Par ailleurs, tant l’audit que la ministre ont souligné que 64 % des dépenses des sociétés de transport sont du salaire. Sans chiffrer la valeur de certaines modifications, l’audit identifie quand même certains obstacles à la réalisation de certaines démarches dans les conventions collectives.

Manque de flexibilité

«Parmi les recommandations à prioriser à plus court terme ou à moyen terme qui seraient les plus concrètes et rapides à mettre à exécution, il y en a certaines qui sont limitées par des clauses de convention collective qui empêchent d’avoir la flexibilité nécessaire pour poser certaines actions qui généreraient des économies», a déclaré la ministre Guilbault.

Le président du syndicat des chauffeurs d’autobus et opérateurs de métro de la Société de transport de Montréal (STM), Frédéric Therrien, attendait d’ailleurs les journalistes à la sortie de la présentation de l’audit pour dénoncer le fait que, selon lui, «c’est encore sur le dos des travailleurs et sur le dos de la clientèle que se font les coupures».

«Je trouve ça navrant que le gouvernement de CAQ dise que pour eux, c’est important d’avoir des belles, des bonnes jobs, mais qu’à chaque fois qu’il y a une économie à faire, c’est sur le dos des travailleurs», a-t-il dénoncé.

Quant à la flexibilité requise dont fait état l’audit, il réplique que son syndicat a toujours négocié de bonne foi, mais que «la ministre nous repousse dans les retranchements en disant que on a de la rigidité. (…) C’est sûr que quand il y a des conventions collectives, on doit aussi tenir. Mais d’en discuter lors de négociations, ça va nous faire plaisir», a-t-il soutenu, précisant que les négociations avec la STM viennent justement de s’ouvrir alors que la convention collective de ses membres vient à échéance le 5 janvier prochain. Sa réaction témoigne cependant de ce à quoi il faudra s’attendre à travers l’ensemble des sociétés de transport de la province.

Trop de véhicules inutilisés

L’une des économies les plus importantes identifiées dans le rapport qui serait disponible à court terme serait de s’attaquer à ce que l’on appelle le «taux de réserve», c’est-à-dire le nombre excédentaire de véhicules qui sont soit remisés en attente qu’on en ait besoin ou qui sont en entretien. Le ratio optimal, selon l’audit, serait de 20 %, mais certaines sociétés de transport comme celles de l’Outaouais avec 61 %, de Saguenay (44 %), de la Capitale (43 %) et de Montréal (41 %) excèdent largement cette cible, entraînant des coûts qui pourraient être réduits.

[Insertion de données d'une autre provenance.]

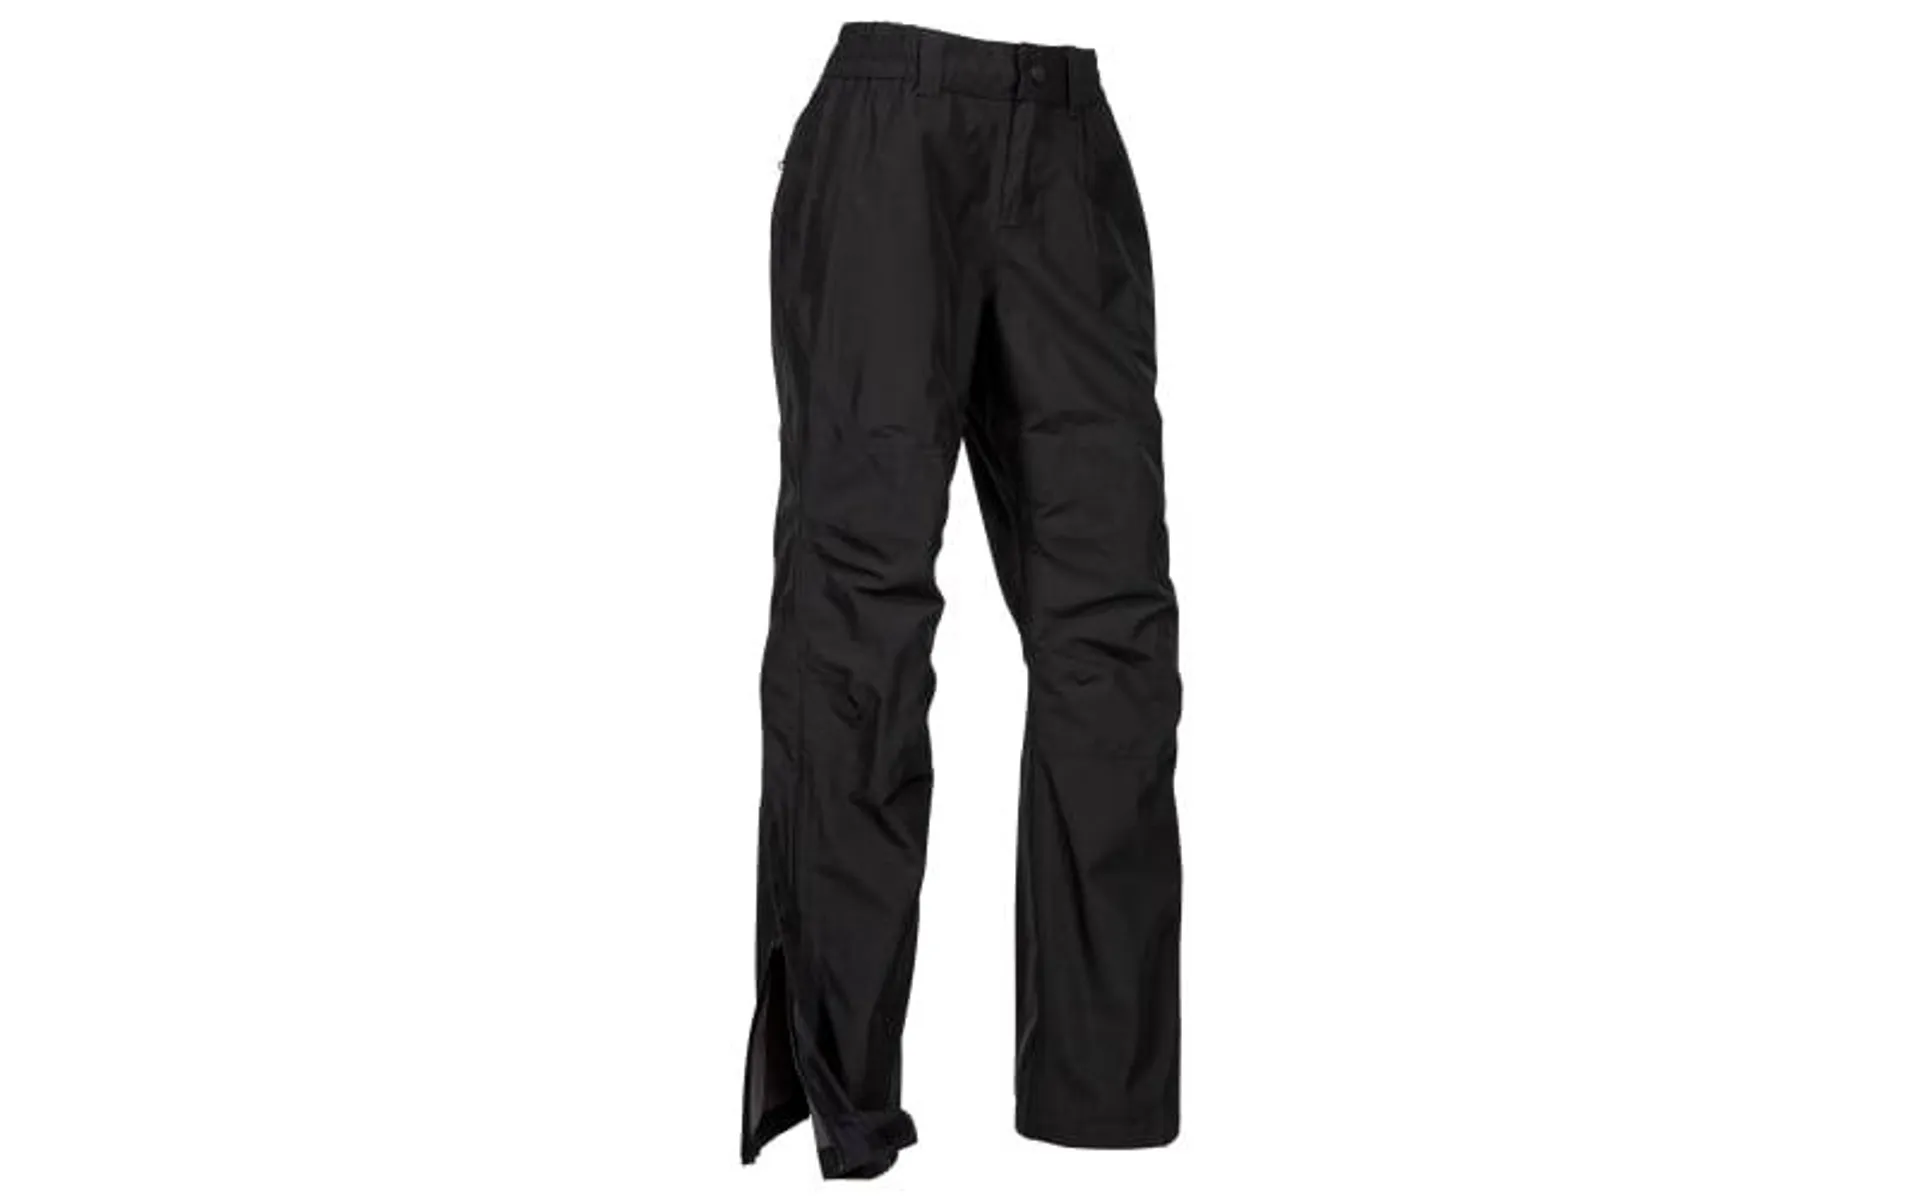 Johnny Morris Bass Pro Shops Guidewear Rainy River Pants with GORE-TEX PacLite for Ladies

Geneviève Guilbault s’est également dite prête à revoir les échéanciers pour l’électrification des flottes d’autobus «pour réduire la pression», alors qu’il s’agit là d’une dépense majeure pour les sociétés de transport non seulement pour l’achat de véhicules, mais aussi la construction de nouveaux garages pour leur entretien.

Une autre piste vise à réduire les fréquences sur les lignes moins achalandées à certaines heures et même d’implanter du transport à la demande, une formule qui gagne en popularité, mais qui implique bien souvent de sous-traiter à des entreprises privées. «Le privé, ça peut être bénéfique», a avancé Geneviève Guilbault, tout en étant consciente que, là encore, elle risque de trouver les syndicats sur son chemin.

Fait à noter, sur les 346 millions $ qui ont été identifiés comme économies possibles, l’audit n’en détaille que 166 millions $, l’autre 180 millions $ ayant été identifié par les sociétés de transport et le détail de cette somme «est confidentiel», nous a-t-on dit à quelques reprises.

Sherbrooke en tête, l’Outaouais à la queue

Le rapport se permet au passage de dresser un palmarès des sociétés de transport, mais s’en tient, sur un vaste ensemble de paramètres analysés, à trois composantes, soit le coût par kilomètre parcouru, le coût horaire et le coût par déplacement, un portrait malgré tout incomplet, reconnaît M. Plante.

Les cinq premières places sont occupées, dans l’ordre, par la Société de transport de Sherbrooke, la Société de transport de Trois-Rivières, la Société de transport de Lévis, le Réseau de transport de Longueuil et le transporteur EXO. Viennent ensuite la Société de transport de Saguenay, la Société de transport de Montréal, la Société de transport de Laval, alors que les sociétés de transport de la Capitale et enfin de l’Outaouais ferment la marche.